Insights

8 min read

5 Lessons Learnt from Deploying Agentic AI in Video Workflows

We've indexed millions of video hours for broadcasters, production companies, sports organizations, and brands. When we released the Discovery Agent six months ago, we thought we understood how teams would use it.

We were half right.

The patterns that emerged from analyzing 11,000 real-world prompts taught us more than any pilot program could. Here's what actually happens when agentic AI meets video workflows.

1. Context is the difference between results and relevance

The first pattern appeared within days: people who are prompting to search for moments are just using keywords, akin to the way they’d search using Google. 

A user at a production company behind an iconic cooking show types: "Find donuts."

The agent returns clips of donuts. Technically correct. Practically useless.

Now watch what happens with context:

"I'm creating a 10-minute YouTube story for Gen Z about the latest food trends.
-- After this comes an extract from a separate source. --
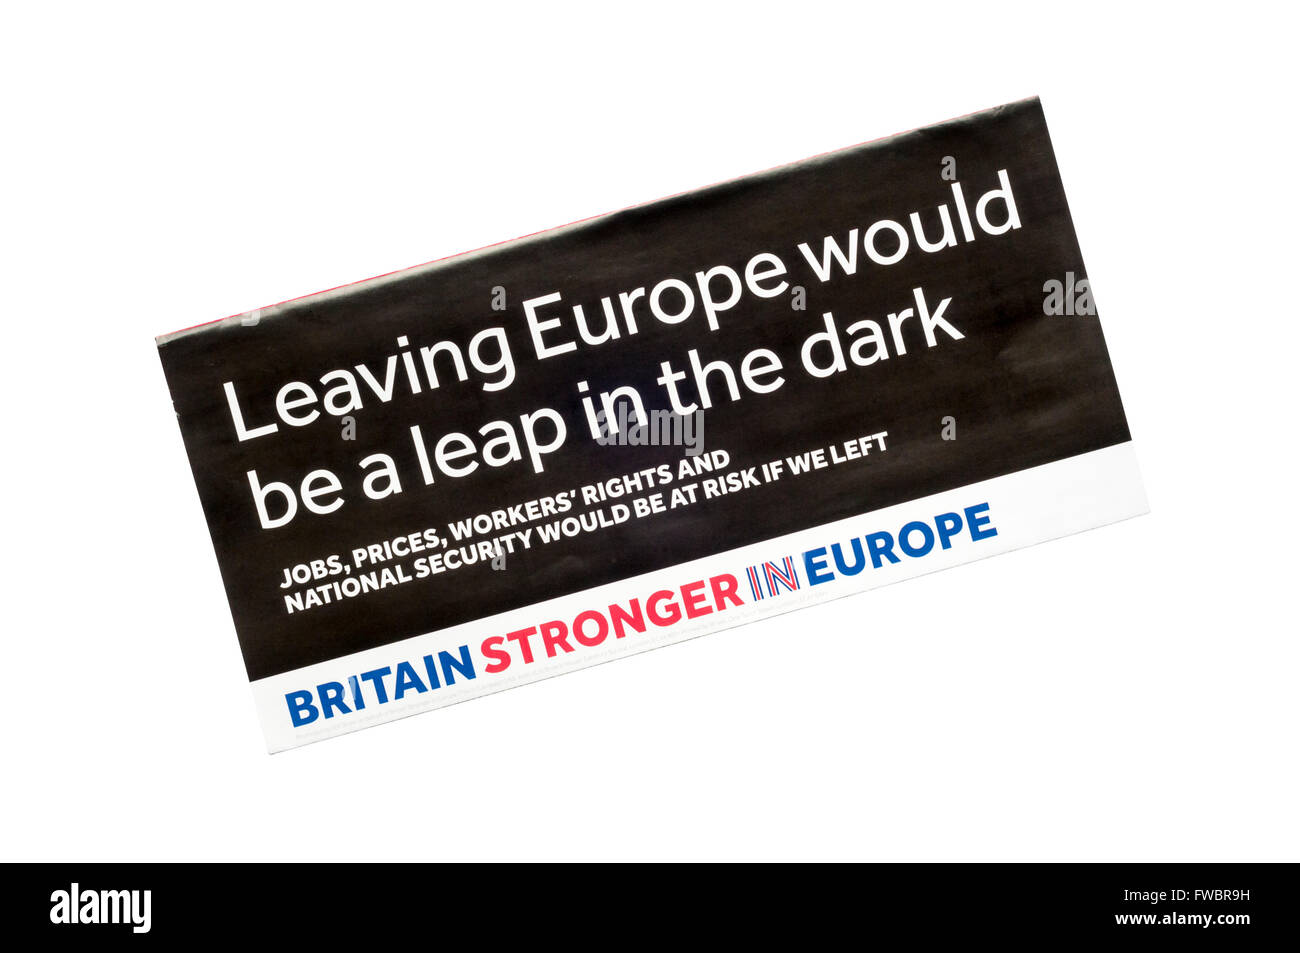 A leaflet produced by Britain Stronger in Europe, campaigning for the UK to stay in the EU. Stock Photo
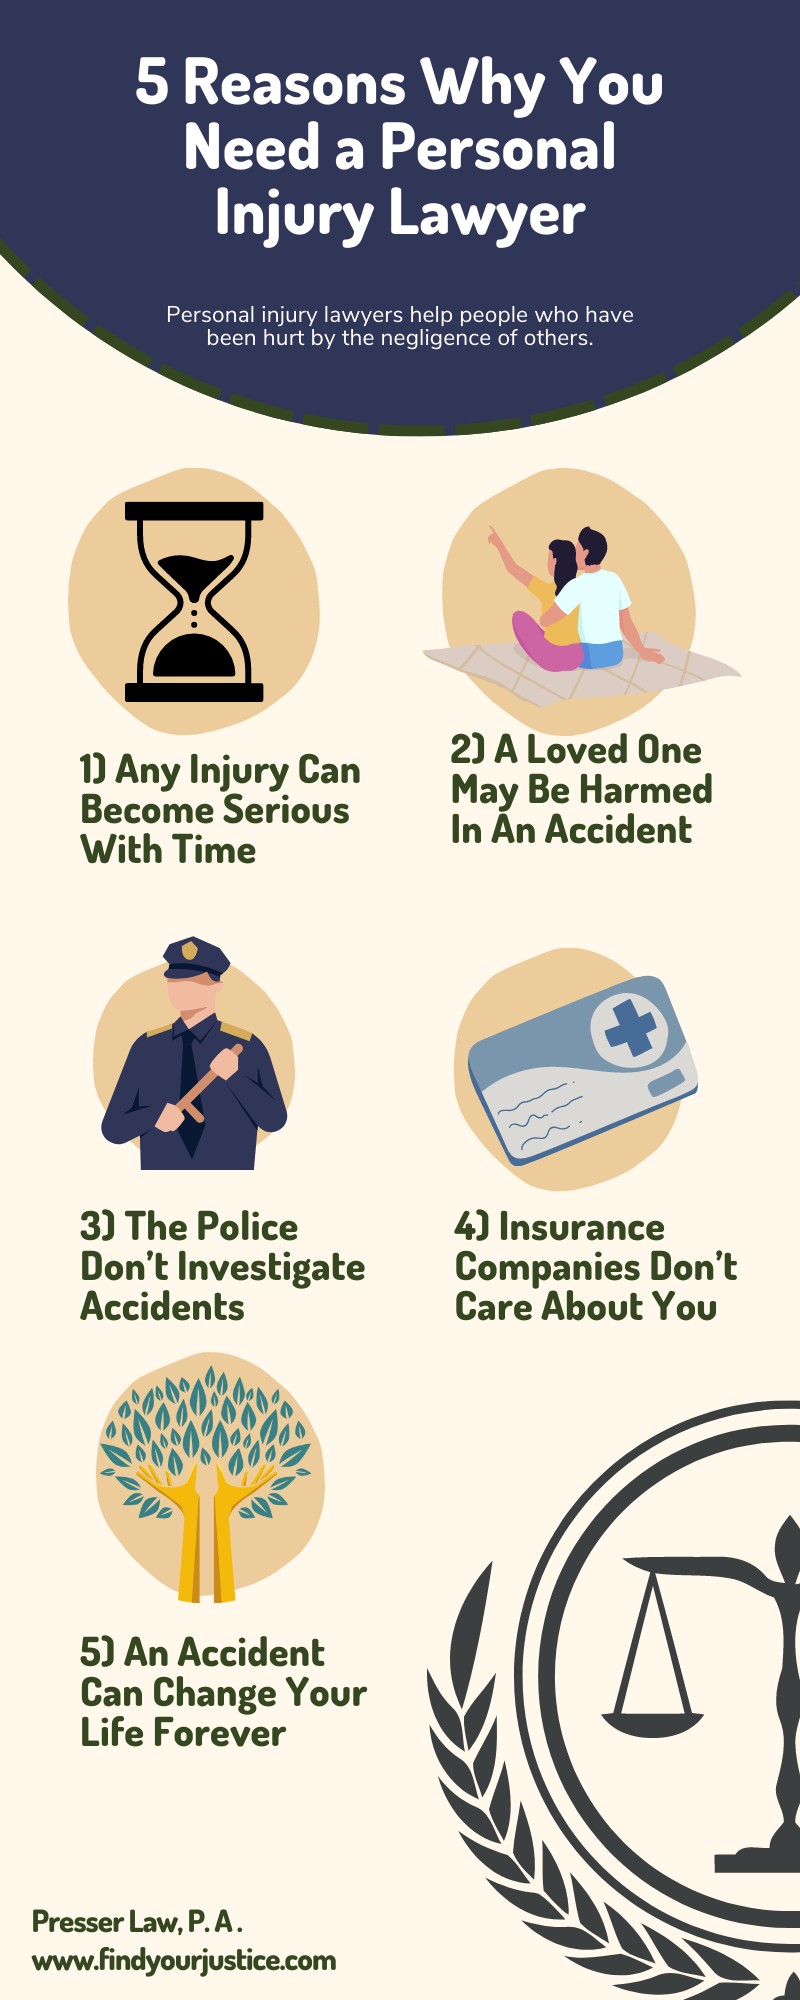 5 Reasons Why You Need a Personal Injury Lawyer infographic

Can you find visually appealing donut shots from my show that could illustrate popular culture and social media aesthetics?"

Same request. Completely different results. The agent now understands the story, audience, platform, and narrative purpose. It surfaces moments that work for that specific creative vision.

This mirrors how you'd brief a human researcher. You wouldn't say "find donuts" to a colleague—you'd explain the project. Agents work the same way.

Context is king when it comes to prompting an agent and receiving optimal results.

We addressed this limitation in human search behaviour with some contextual engineering, and by implementing reasoning capabilities. Before searching, the agent queries external sources to build understanding. Mention "inflation" and it might pull context from recent news about food prices, then match that understanding against your archive.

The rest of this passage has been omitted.